Ain´t no mountain high enough

9 November, 2010

Compras coletivas - sou só eu?

Filed under: Business, trabalho — Tags: , , — Ludmilla Rossi @ 11:35 pm

Quem me conhece sabe que tenho uma relação ótima com shoppings e lojinhas de bairro, adoro uma promoção, uma vitrine e uma caroçagem básica. Quando estava viajando, quase enlouqueci na H&M por ver coisas tão baratas e promos sempre presentes. Ao chegar no hotel, olhei as etiquetas. Cada peça vinha de um país pobre, como Cambodja, Bangladesh, China, whatever. Fiquei pensando nisso, e na história do consumo consciente.

Se algo é muito barato, sempre alguém paga caro por isso. No caso, eu paguei barato, e alguma mão de obra sofrida pagou caro. A loja mantém sua margem de lucro, mesmo que baixa (para vender muito).

Bom, eis que o Brasil começa a falar agora em sites de compras coletivas, muitos começam a surgir, os pioneiros nadam em dinheiro, e, como toda onda na Internet muitos seguem achando que vão ganhar muita grana, com o pensamento baixo custo + milagre de vendas. Não sei se é um post azedo porque recebo pelo menos 2 ligações por dia de prospects “querendo um site igual o Peixe Urbano”. Trato bem, tento explicar pro cara que o negócio pode funcionar mas não é milagroso e demanda investimento e blablabla. Quando você conta pro cara que ele não pode ficar na informalidade num empreendimento destes, ele geralmente desliga triste (ou liga pra outro). E aí que entra o que eu quero defender (não afirmar). É uma veia de pensamento minha (e pelo visto acho que estou com poucos companheiros) e de dúvidas também.

Hoje compras coletivas são uma onda boa, numa maré que aparenta ser lucrativa e inovadora. Em pouco tempo se tornará commodity. Os comerciantes que hoje se encantam com essa possibilidade de encher seus estabelecimentos com novos consumidores, suprir um gap, evitar desperdícios (alô povo das compras, olhem que argumentos bonitos), a longo prazo irão fazer contas. É obvio o quanto a margem de lucro cai - “mas e daí?”, afinal está se vendendo com pouca lucratividade para muitas pessoas. Alô Chris “cauda longa” Anderson, é você aí de novo? Nada de errado com isso, muito menos com o Mr. Anderson, entretando como empreendedora prefiro pensar no longo prazo.

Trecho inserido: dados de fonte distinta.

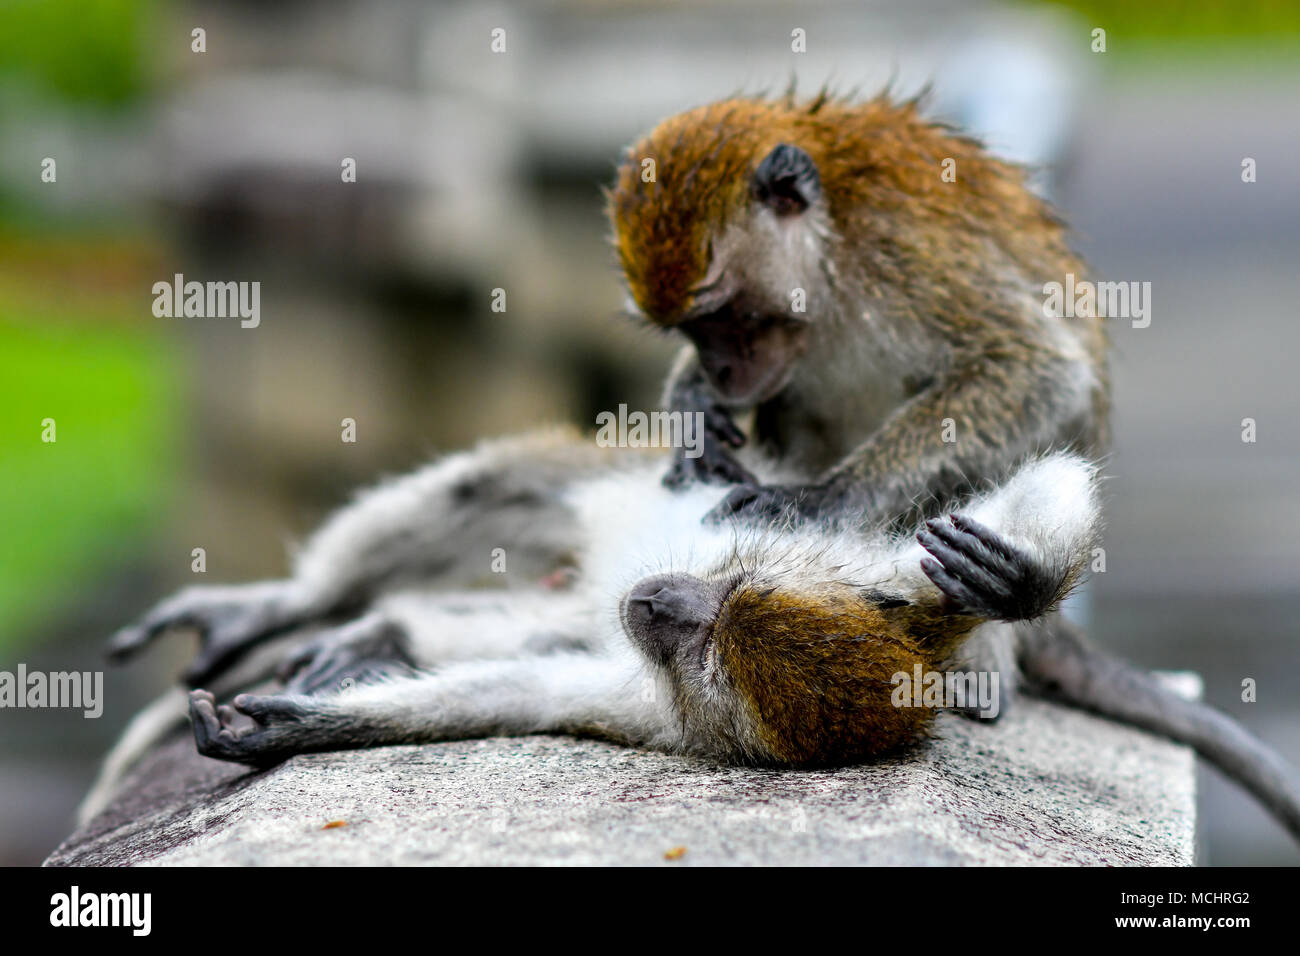 Long-tailed Macaque in der Wildnis Stockfoto

O que acontece quando, numa localidade pequena, vários comerciantes entram nessa disputa e banalizam suas margens de lucro? O que acontece quando os consumidores em geral ficarem mimados ao ponto de criarem hábitos e consumo restritivos e commoditizados? O que acontece quando esses mesmos consumidores criarem hábitos e exigências de desprezarem a qualidade de serviço e só pensarem em preço? Ele já pensam em preço, todo mundo quer pagar barato e ninguém quer ser passado para trás. O problema é quando reduzir imensamente a margem de lucro parecer uma vantagem para “garantir faturamento”. O que acontece quando você vende mais do que pode? O que acontece quando não há controle minucioso de estoque no comércio (desculpe, mas é bemmmm difícil isso acontecer)? O que pode rolar com a superestimativa em cima de números de venda qe não acontecem? Como lidar com a redução de margens a ponto das mesmas não terem gordura para possíveis variações de mercado? Isso tudo é problema do estabelecimento? E, para finalizar, esse tipo de “venda” estimula o cara a melhorar ou a estagnar o serviço que ele presta e produto que ele entrega? Cadê o valor-agregado minha gente?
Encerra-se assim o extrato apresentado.